# How do you use substitution to integrate (2x+7)/(x^2+5x+6) dx?

Jun 16, 2015

The answer can be written as $\int \frac{2 x + 7}{{x}^{2} + 5 x + 6} \setminus \mathrm{dx} = \ln | \frac{{\left(x + 2\right)}^{3}}{x + 3} | + C$

#### Explanation:

You don't need substitution to do this integral. Use the Method of Partial Fractions instead.

Set $\frac{2 x + 7}{{x}^{2} + 5 x + 6} = \frac{A}{x + 2} + \frac{B}{x + 3}$ and solve for $A$ and $B$ (note that ${x}^{2} + 5 x + 6 = \left(x + 2\right) \left(x + 3\right)$).
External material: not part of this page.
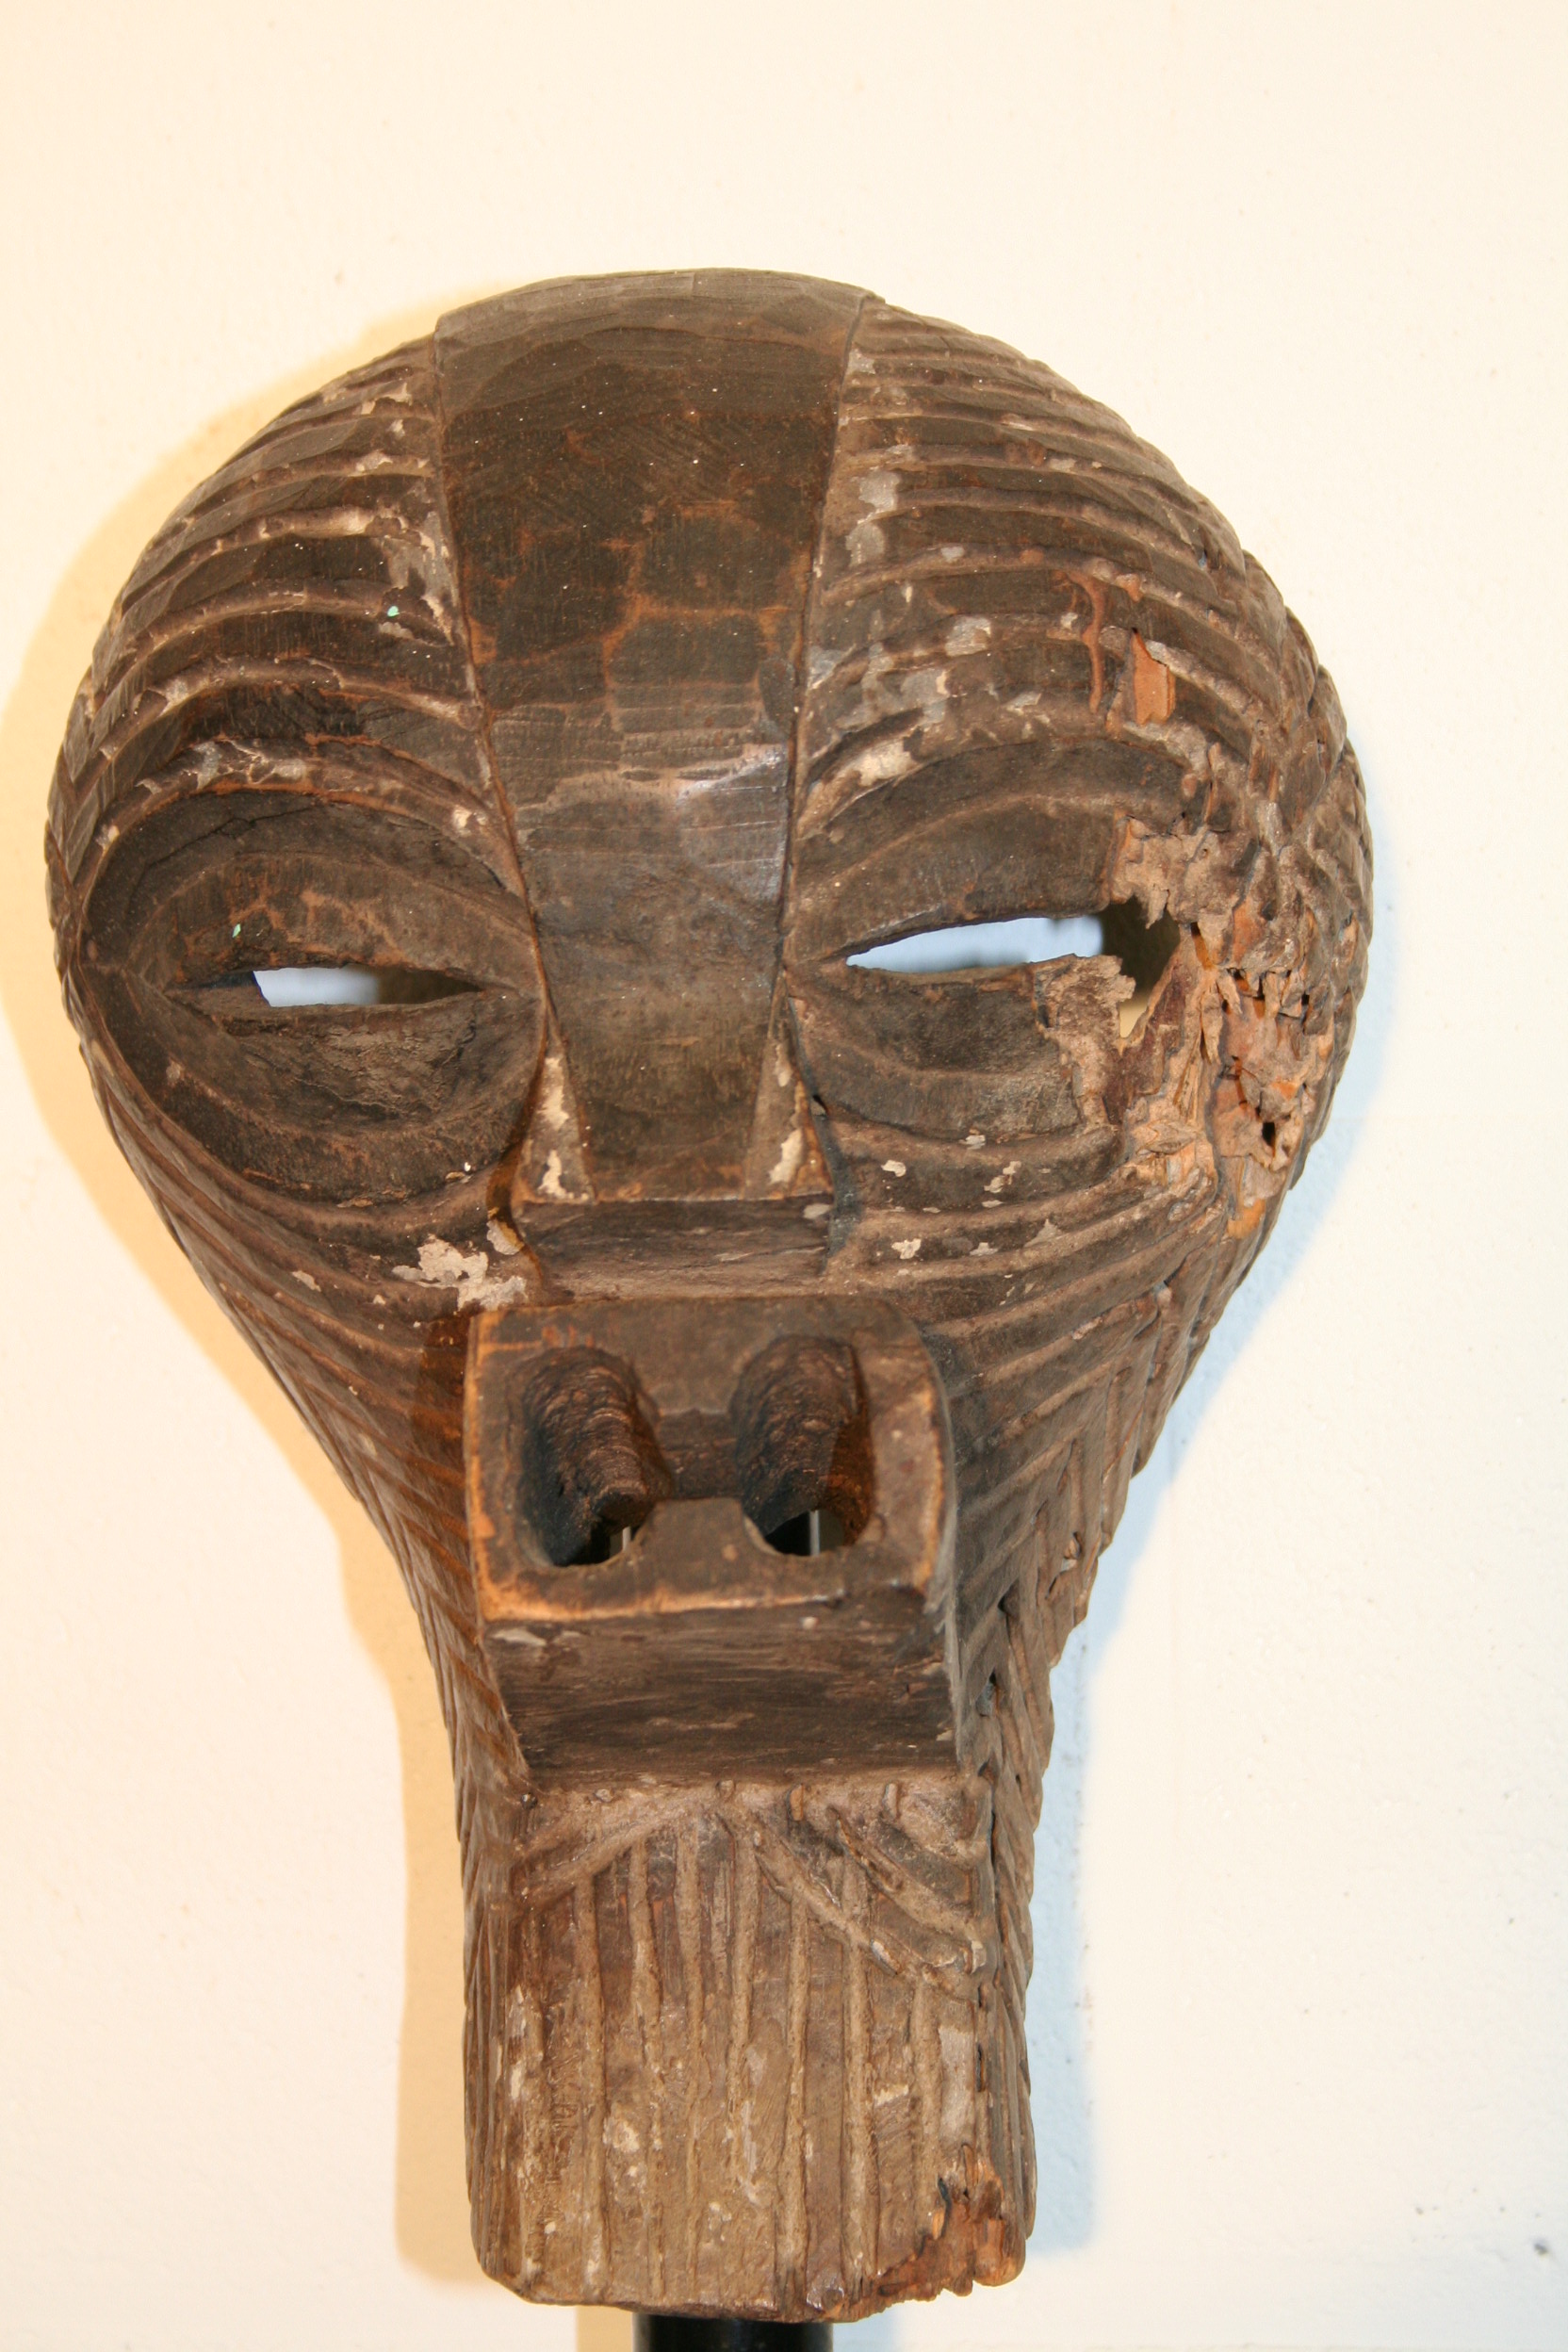 songye(masque), d`afrique : R.d.du congo, statuette songye(masque), masque ancien africain songye(masque), art du R.d.du congo - Art Africain, collection privées Belgique. Statue africaine de la tribu des songye(masque), provenant du R.d.du congo, 1631 Vieux petit masque Songye h.25cm.son côté gauche abimé par les thermites.

OUD SONGE MASKERTJE.H;25CM;. art,culture,masque,statue,statuette,pot,ivoire,exposition,expo,masque original,masques,statues,statuettes,pots,expositions,expo,masques originaux,collectionneur d`art,art africain,culture africaine,masque africain,statue africaine,statuette africaine,pot africain,ivoire africain,exposition africain,expo africain,masque origina africainl,masques africains,statues africaines,statuettes africaines,pots africains,expositions africaines,expo africaines,masques originaux  africains,collectionneur d`art africain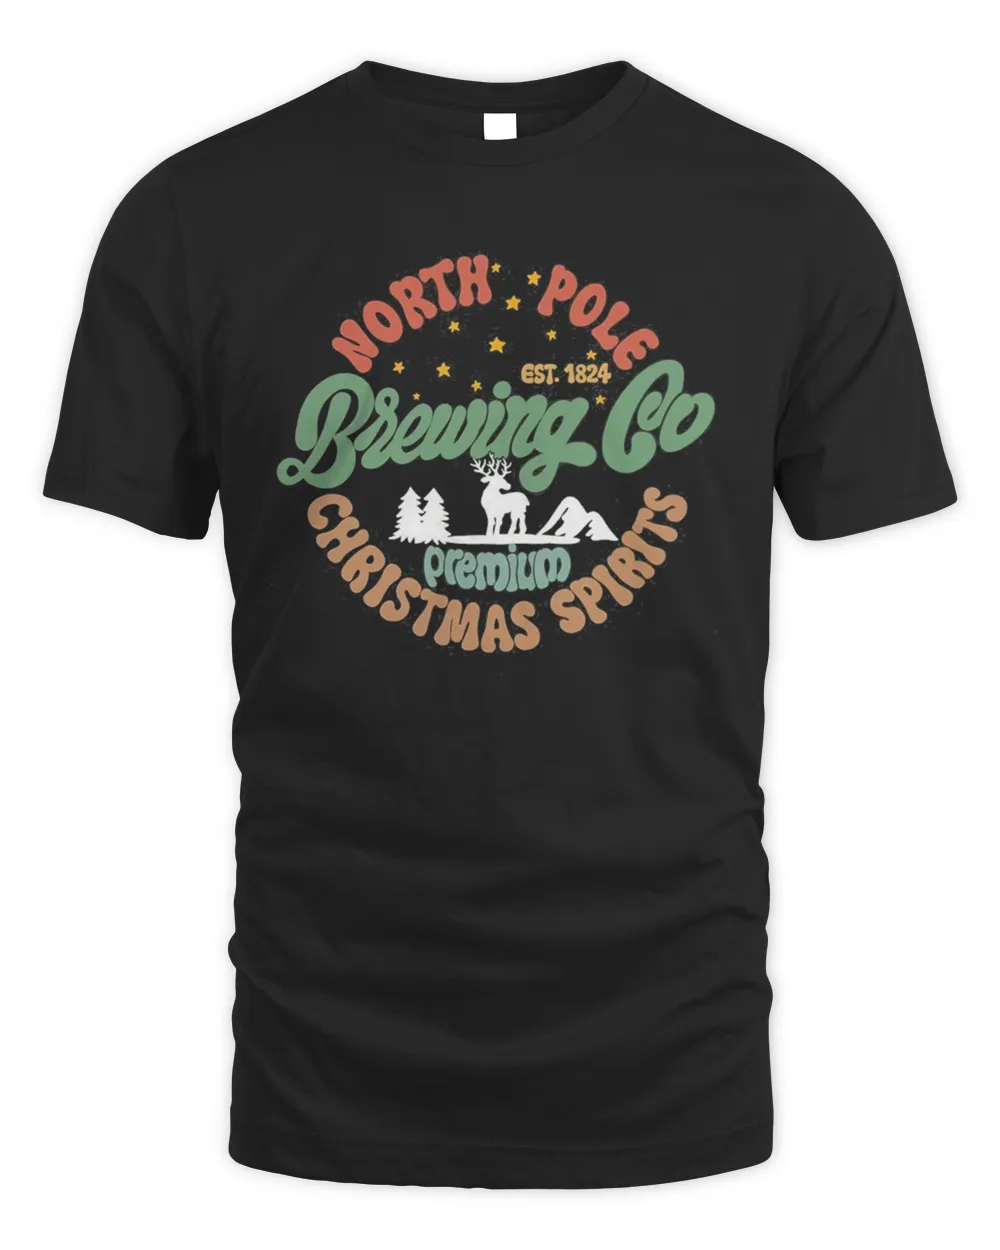 North Pole Brewing Co Santa Christmas T-Shirt

Multiply both sides of the preceding equation by $\left(x + 2\right) \left(x + 3\right)$ to get, after cancellation, $2 x + 7 = A \left(x + 3\right) + B \left(x + 2\right)$. The quickest way to solve for $A$ and $B$ is to substitute $x = - 3$ and $x = - 2$ into this last equation (even though they make the original equation undefined).

$x = - 3 \setminus R i g h t a r r o w 1 = - B \setminus R i g h t a r r o w B = - 1$

$x = - 2 \setminus R i g h t a r r o w 3 = A$

Hence, $\frac{2 x + 7}{{x}^{2} + 5 x + 6} = \frac{3}{x + 2} - \frac{1}{x + 3}$

Now substitute, integrate, and use properties of logarithms:

$\int \frac{2 x + 7}{{x}^{2} + 5 x + 6} \setminus \mathrm{dx} = \int \left(\frac{3}{x + 2} - \frac{1}{x + 3}\right) \setminus \mathrm{dx}$

$= 3 \ln | x + 2 | - \ln | x + 3 | + C = \ln | \frac{{\left(x + 2\right)}^{3}}{x + 3} | + C$